The Franco regime, erected on the ruins of the revolution of 1936, has endured to this day. In the Second World War it leant on the Axis powers, but without formally participating on their side. Its fate, in 1945, hung in the balance; but the betrayals of the Social Democrats and Communists in Western Europe decided the future of the Spanish people for a further lengthy period. The regime has, needless to say, solved none of the problems of backward Spain. Despite talk of ‘agrarian reform’ the distribution of land ownership remains much as it was in 1936. Since the mid-1950s especially, the Spanish working class has provided, through continued resistance to the regime, including a number of great strikes, evidence of its vitality. The regime depends, as it has always done, upon the support of the other capitalist powers; by now that means mainly the United States. Even so, its future remains in question. There has been frequent talk of monarchist restoration. Reactionaries like Gil Robles offer themselves as an alternative. Sections of the Church have taken their distance from the regime. No doubt, among many sections of the population, democratic illusions are rife. For many workers and peasants long years of poverty and repression have brought their toll of demoralisation from which only the younger elements are entirely free.
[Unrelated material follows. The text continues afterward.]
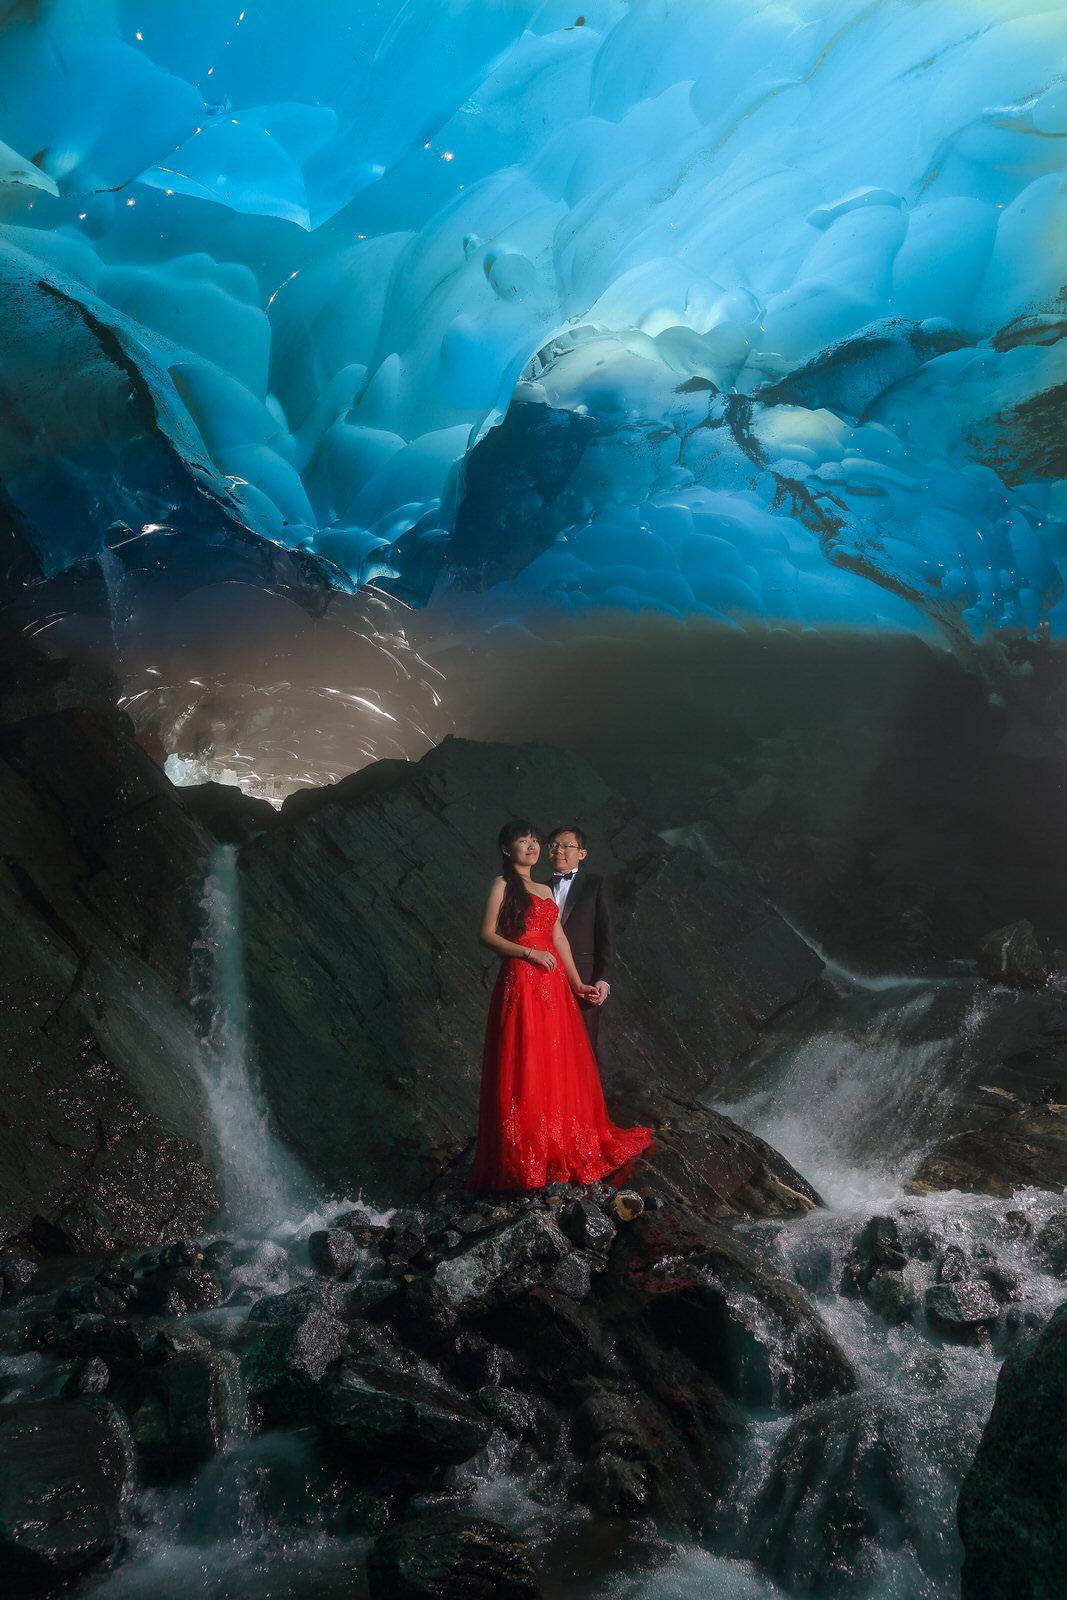 Ice Cave Photos

The question of the forthcoming Spanish revolution remains posed. The crisis of the leadership still has to be solved. In the meantime, the Communist Party, still able to convince many that it is a revolutionary party, prepares new betrayals. In the policy of ‘peaceful co-existence’ and the parliamentary road – as though there can be a peaceful path in keeping with totalitarian Spain! – it preaches ‘national reconciliation’. It is willing to collaborate with all and sundry, including former supporters of Franco, in a broad coalition to restore ‘democracy’ in Spain. It therefore repeats, for the present period, precisely the same role that it played in 1936–39. A study of this book can forearm against such a policy, a policy which can only lead the workers and peasants of Spain to fresh defeats.

 

7th March, 1963
T. Kemp

 

Footnotes

1. B. Bolloten, The Grand Camouflage (London 1961), p. 42.
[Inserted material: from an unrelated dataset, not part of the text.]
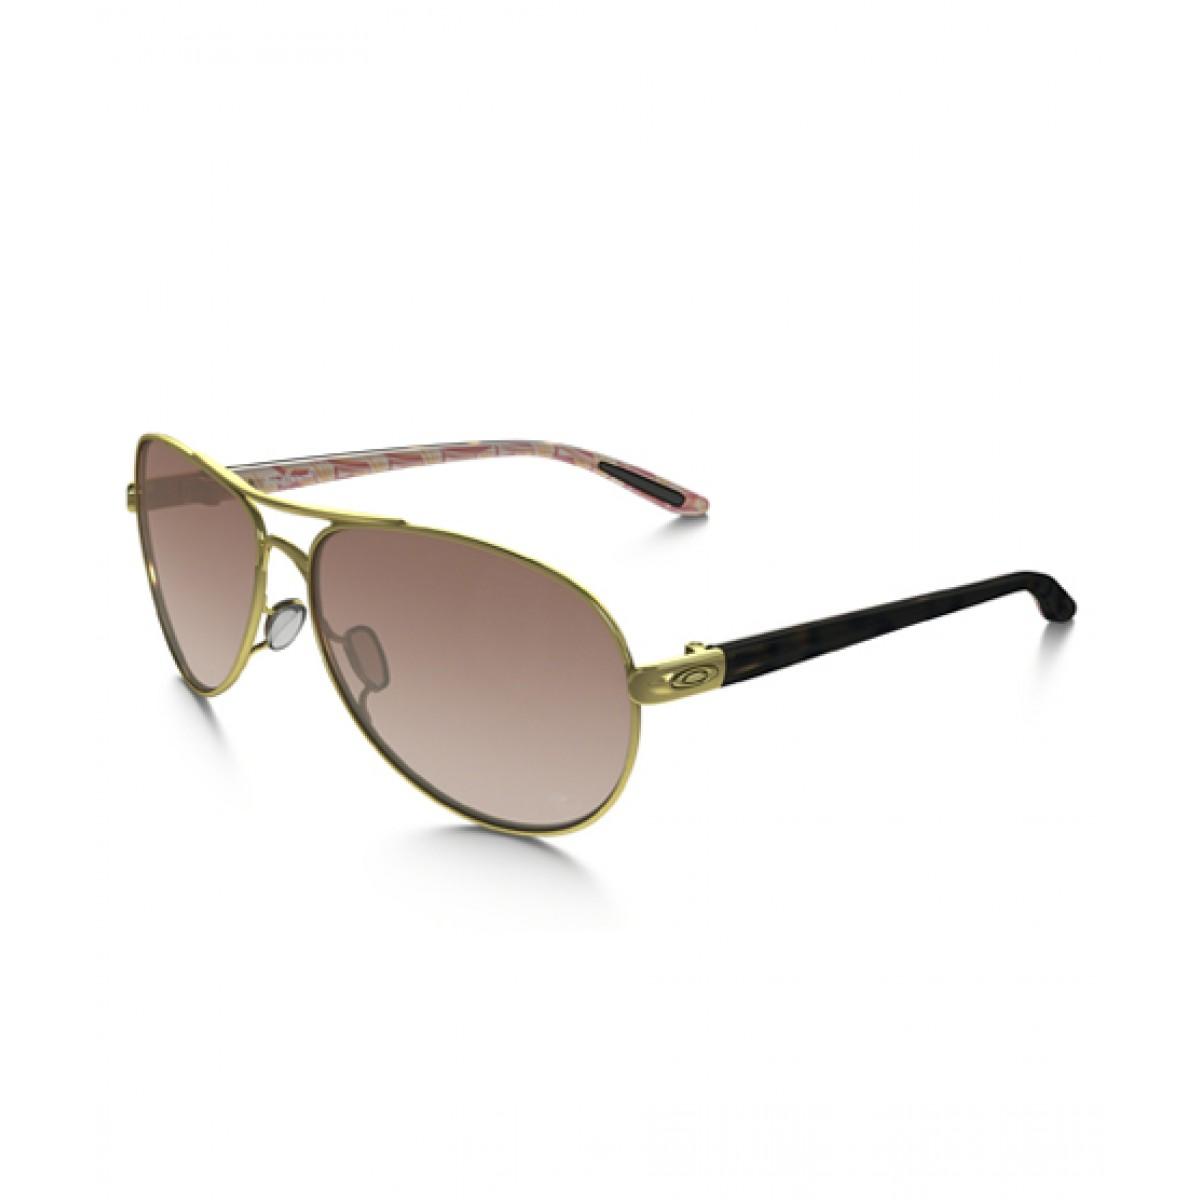 fc4aca5f4fb3d Oakley Womens Non-Polarized Sunglasses Price in Pakistan

2. B. Bolloten, op. cit., p. 87, and whole of chapter 6.

3. J. Hernandez, La Grande Trahison (Paris 1953), French translation of Yo fui un ministro de Stalin (Mexico City 1953). Hernandez was Communist Minister of Education in the government of Caballero, whose downfall he helped to bring about, then in that of Negrin.
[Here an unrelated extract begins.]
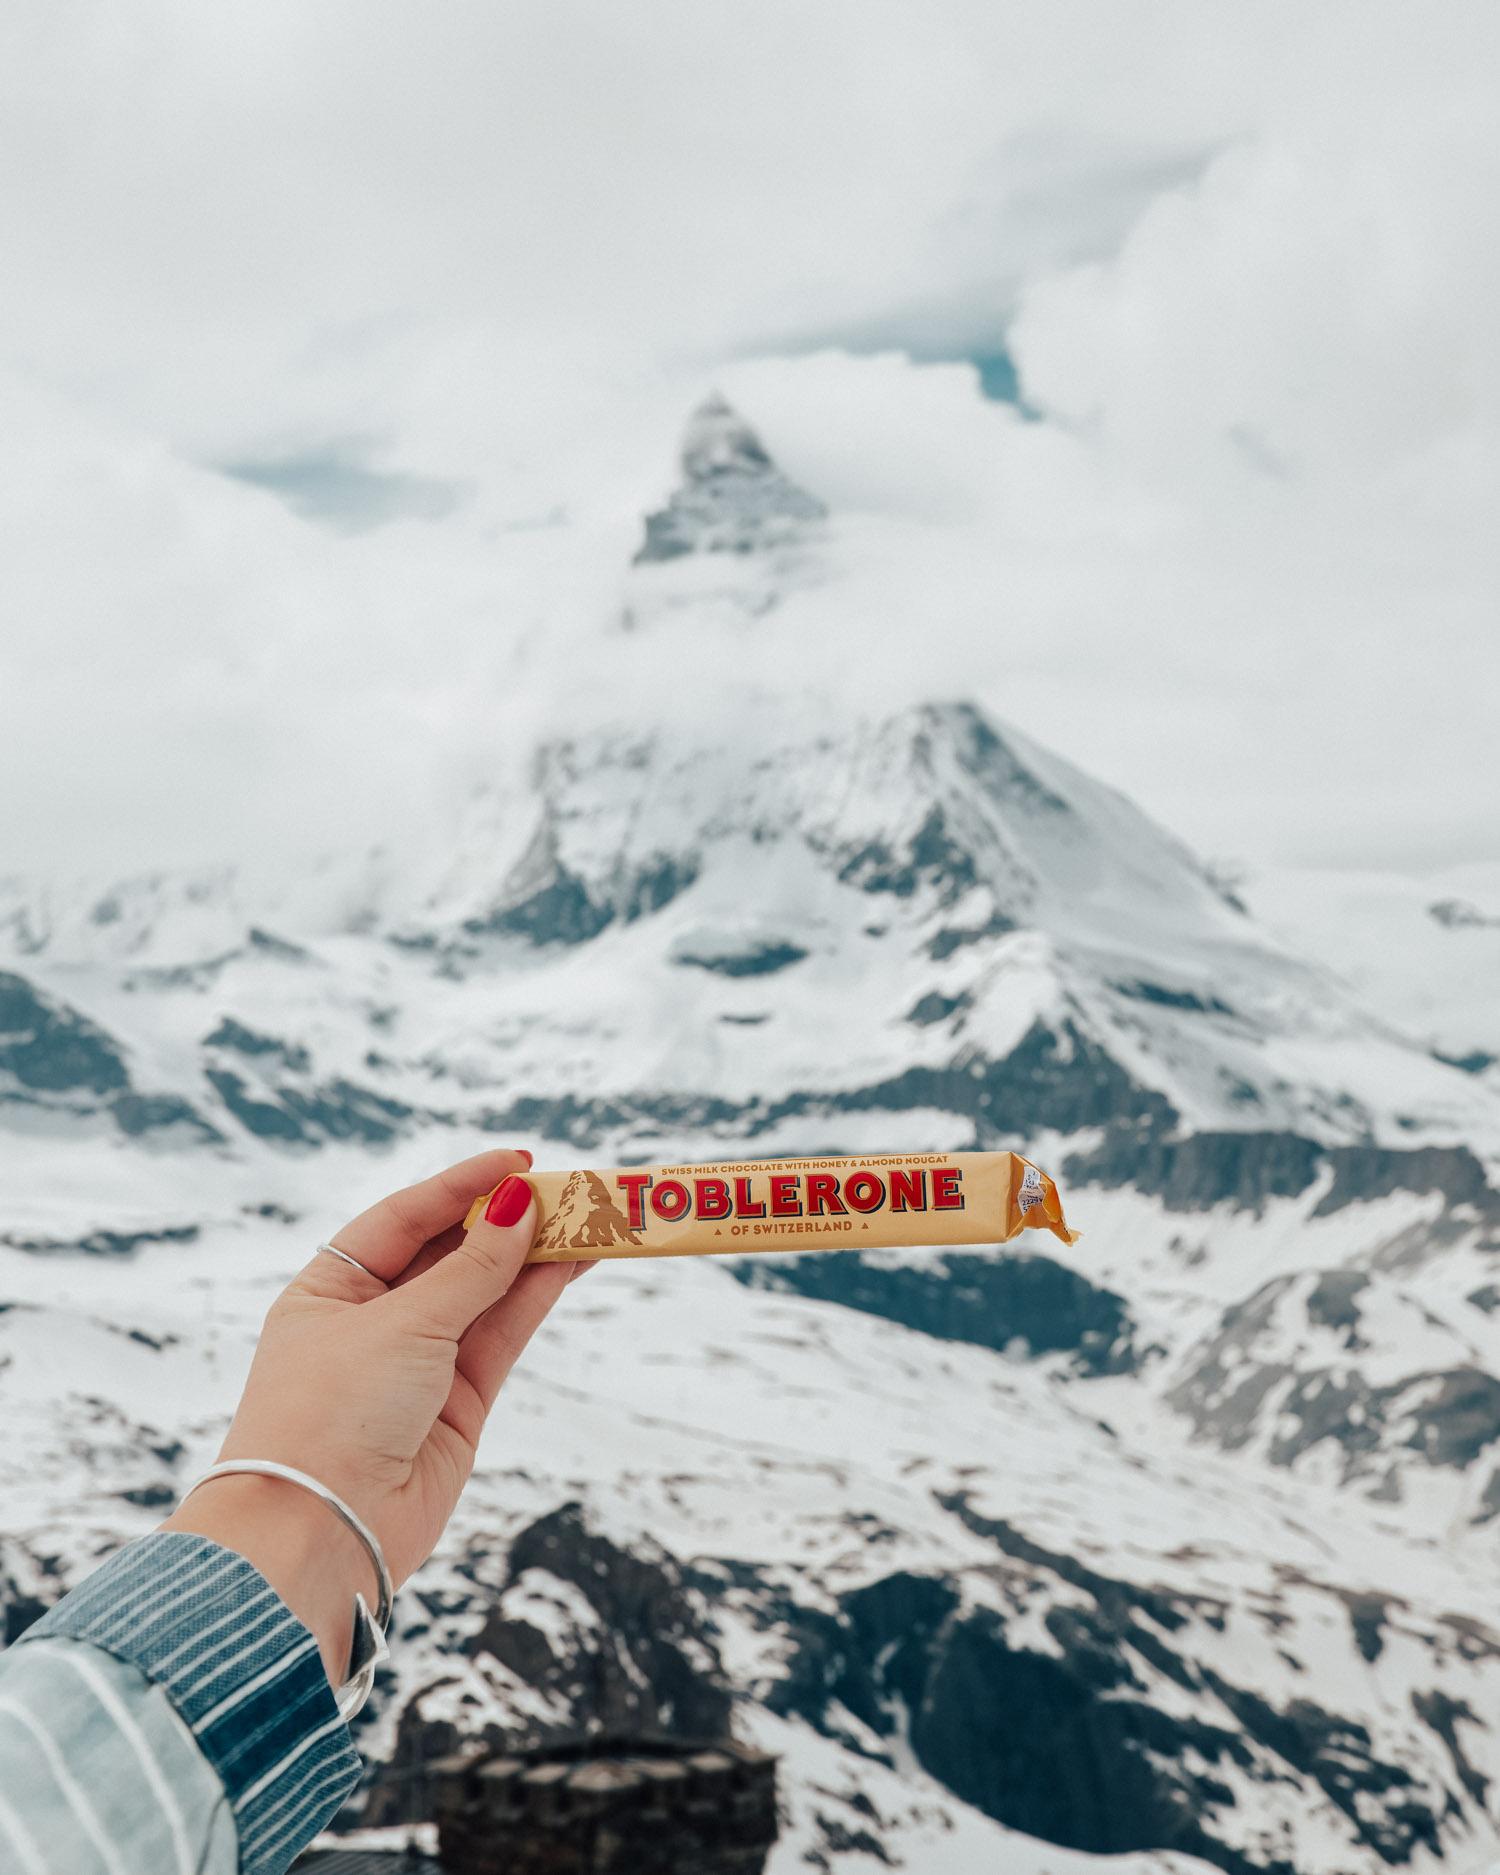 Tobleroneberget Matterhorn i Zermatt |Foto från toppen av Gornergrat

4. Hernandez, op. cit., chapter 5.

5. P. Broué and E. Témime, La révolution et la guerre d’Espagne (Paris 1961), p. 213. This is the best of the recent books on the Spanish Revolution. Unfortunately it is not available in an English translation. [A translation was published in 1972 by Faber and Faber. ERC]

6. Including H. Thomas, in his work The Spanish Civil War which, although distorting the political significance of the struggle, is the fullest account so far available in English. Thus on p. 71 he produces the following curious piece of reasoning: ‘Although not Trotskyist in the sense of being strict followers of Trotsky (they were not affiliated to the Fourth International), these men could justifiably be regarded as such since they were Marxist opponents of Stalin who shared Trotsky’s general views: permanent resolution abroad, working class collectives at home.’ The POUM leaders did not regard themselves as Trotskyists, nor did the Trotskyists outside Spain regard them as such, therefore ... therefore, Thomas accepts the Stalinist characterization of them as Trotskyists!

7. On this point the mordant record in G. Orwell’s Homage to Catalonia – the best personal account of the war – now available as a Penguin book.

8. J. Hernandez, op. cit., chapters 8 and 9.